Data:
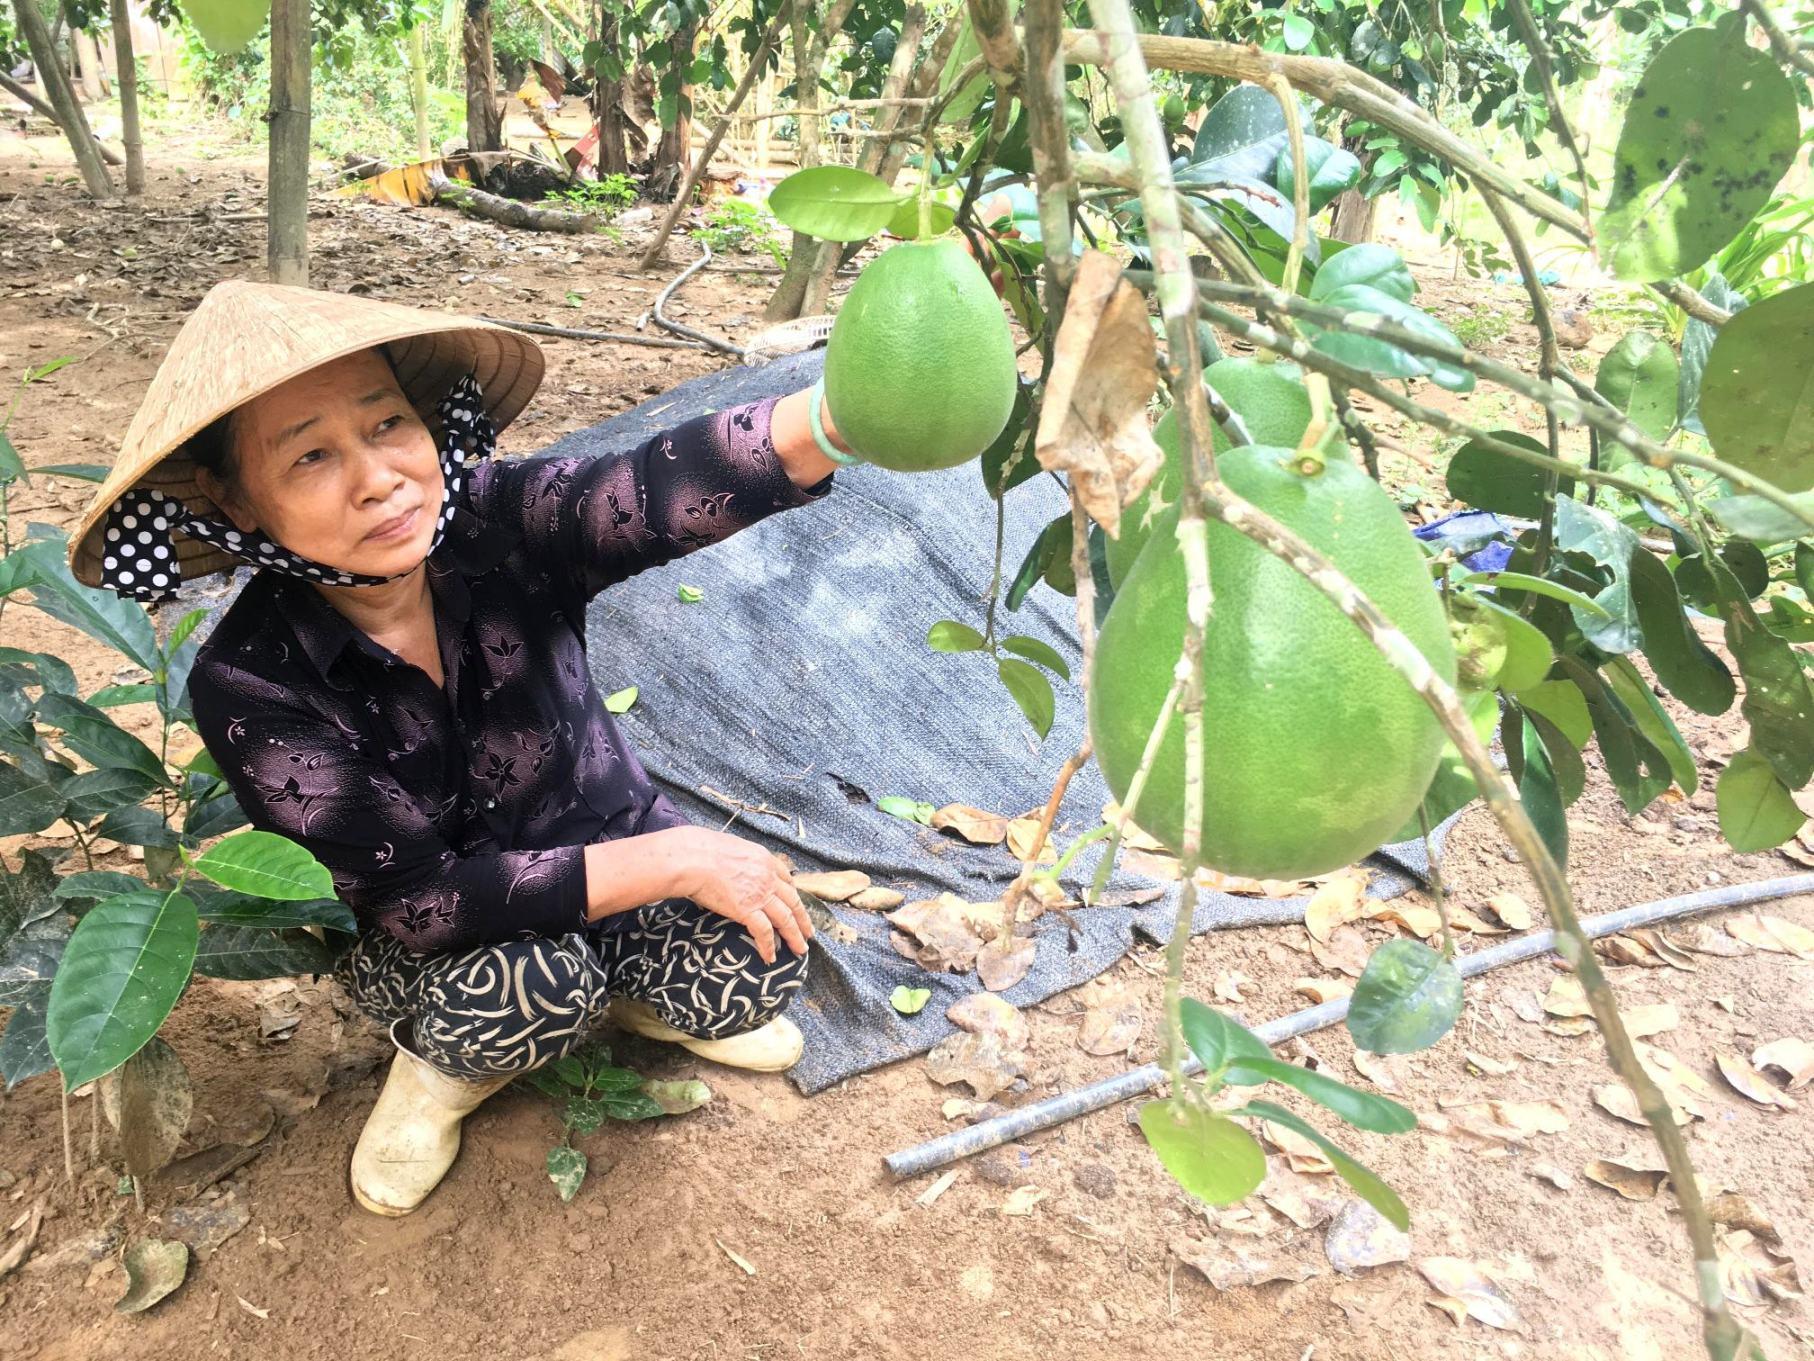 Giống bưởi trụ Đại Bình được đưa ra trồng ở những vùng lân cận vẫn cho hiểu quả cao. Ảnh: VINH THÔNG
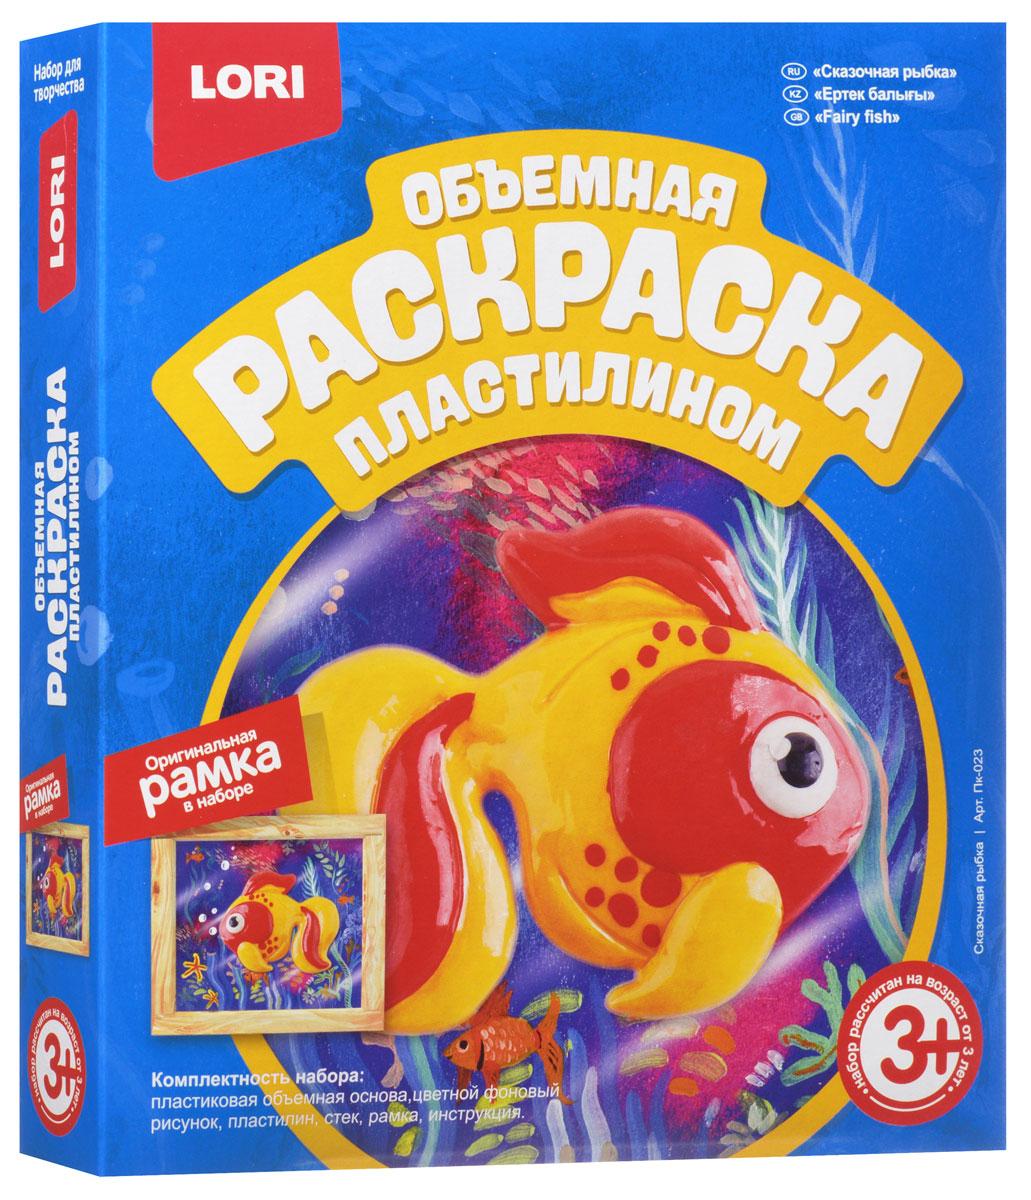 Lori Раскраска пластилином объемная Сказочная рыбка
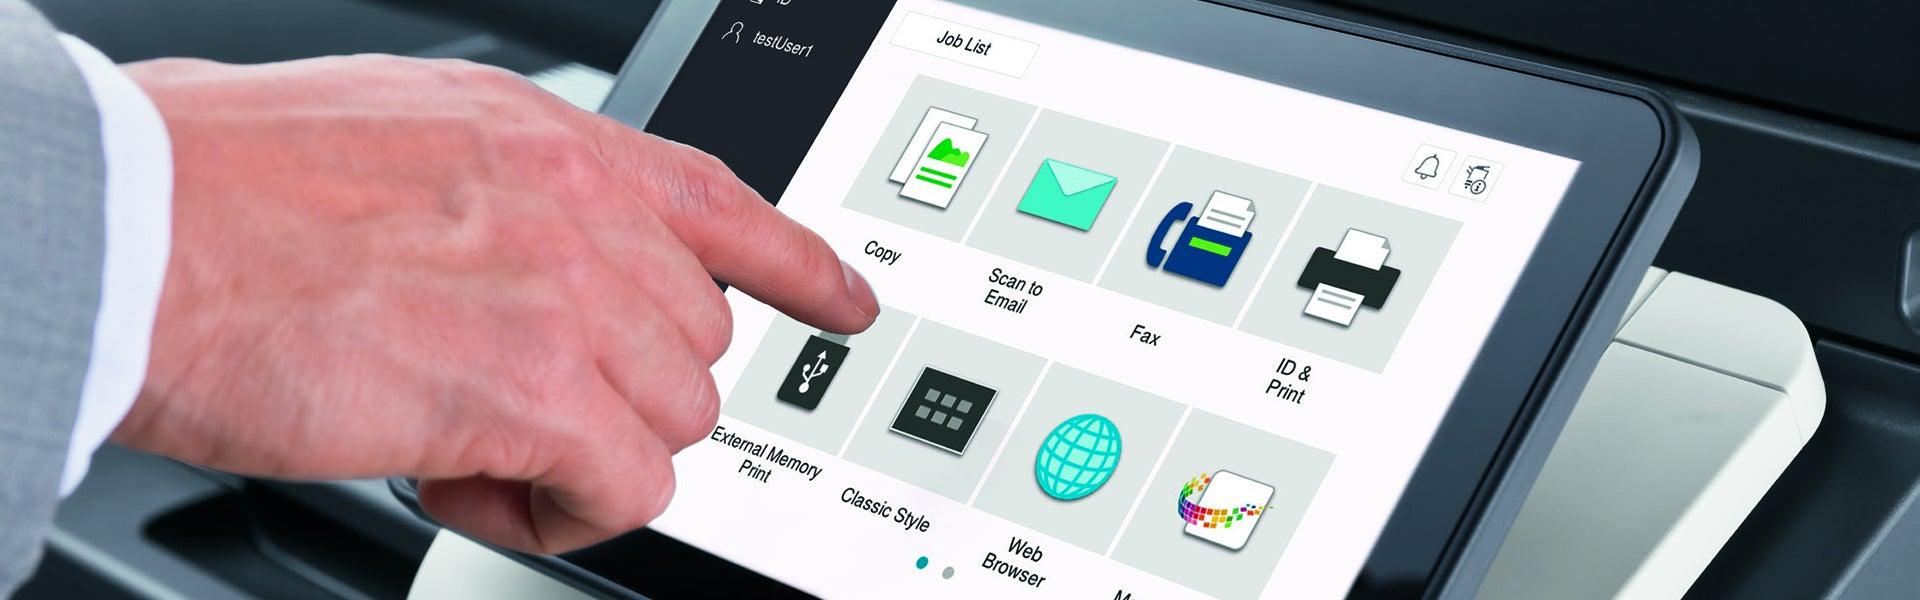 Großaufnahme einer Hand, die den Touchscreen eines Multifunktionssystems zum Drucken, Scannen und Kopieren bedient
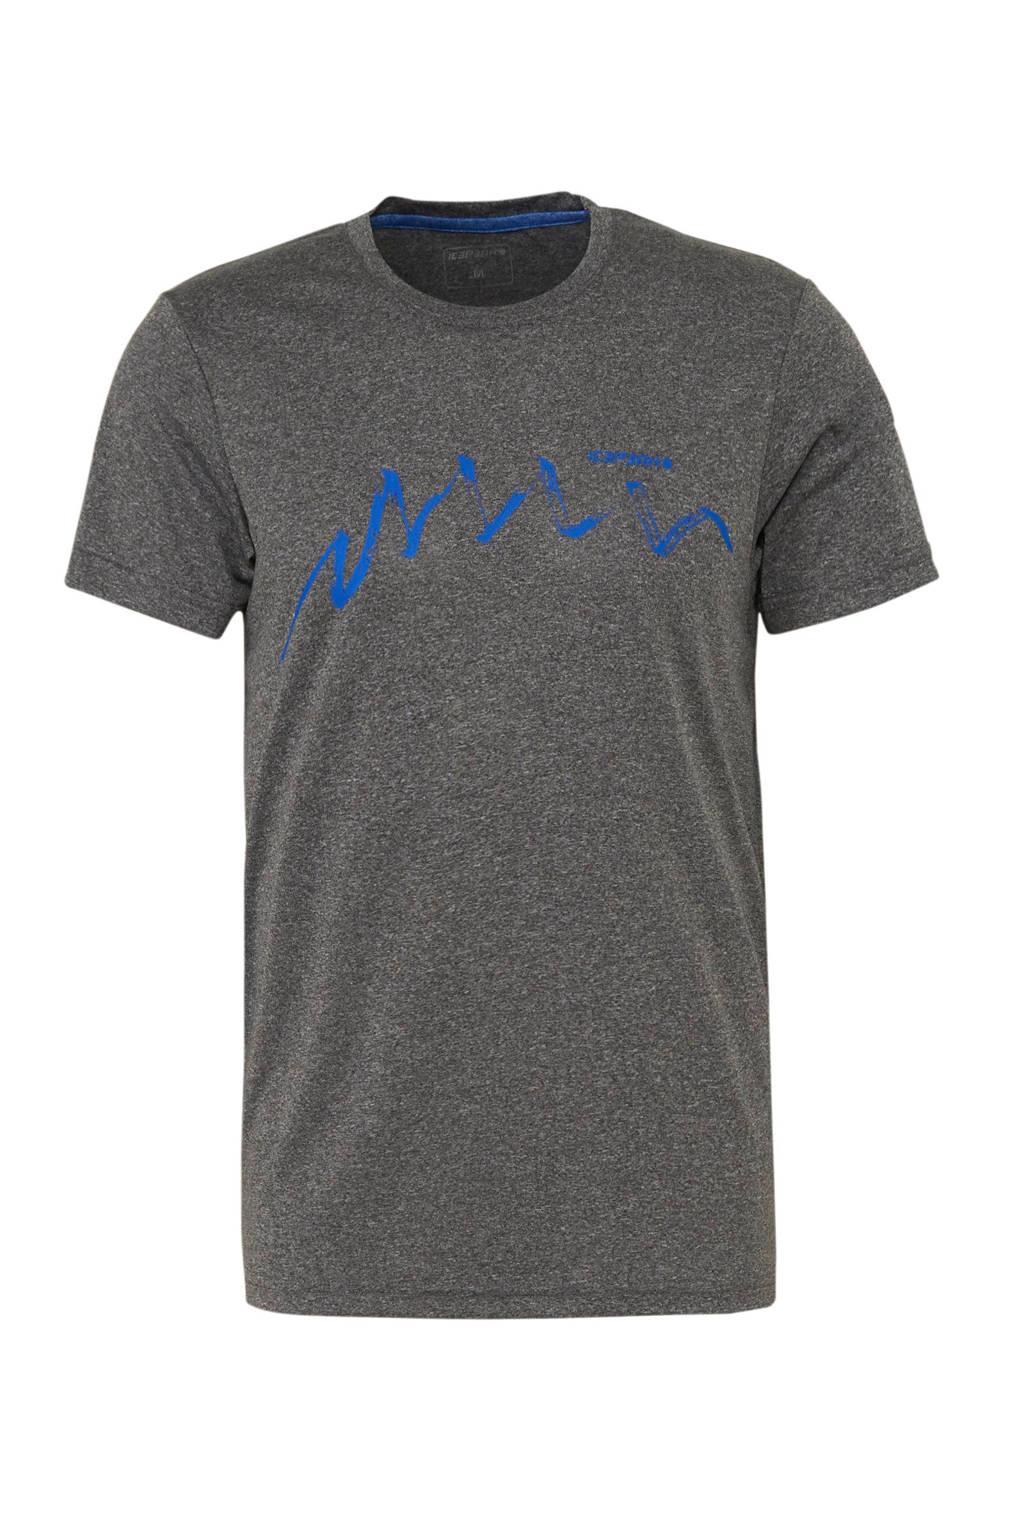 Icepeak outdoor T-shirt Saif grijs, Grijs melange
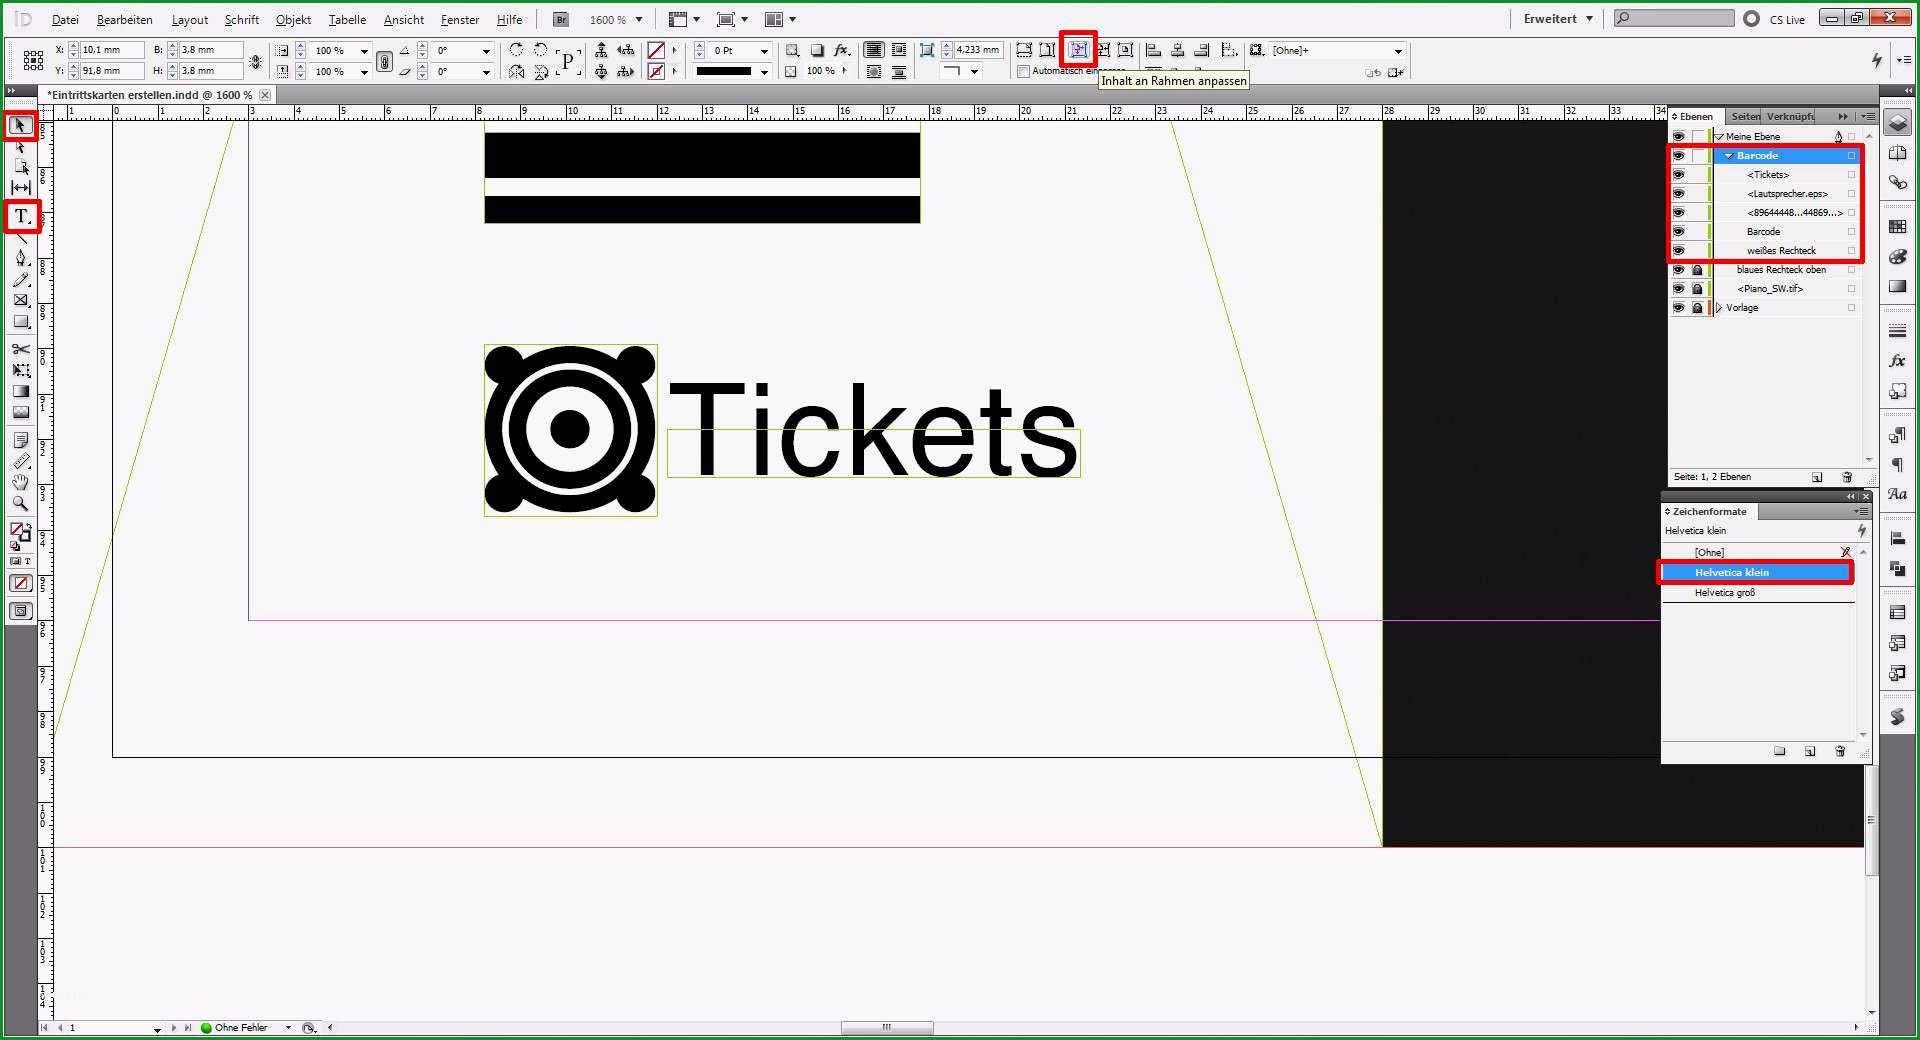 eintrittskarten selber machen vorlage echt indesigntutorial eintrittskarten erstellen saxoprint

Task:
Your output should be the records above, duplicated exactly and picture-free.

Answer to this problem:
 Giống bưởi trụ Đại Bình được đưa ra trồng ở những vùng lân cận vẫn cho hiểu quả cao. Ảnh: VINH THÔNG
 Lori Раскраска пластилином объемная Сказочная рыбка
 Großaufnahme einer Hand, die den Touchscreen eines Multifunktionssystems zum Drucken, Scannen und Kopieren bedient
 Icepeak outdoor T-shirt Saif grijs, Grijs melange
 eintrittskarten selber machen vorlage echt indesigntutorial eintrittskarten erstellen saxoprint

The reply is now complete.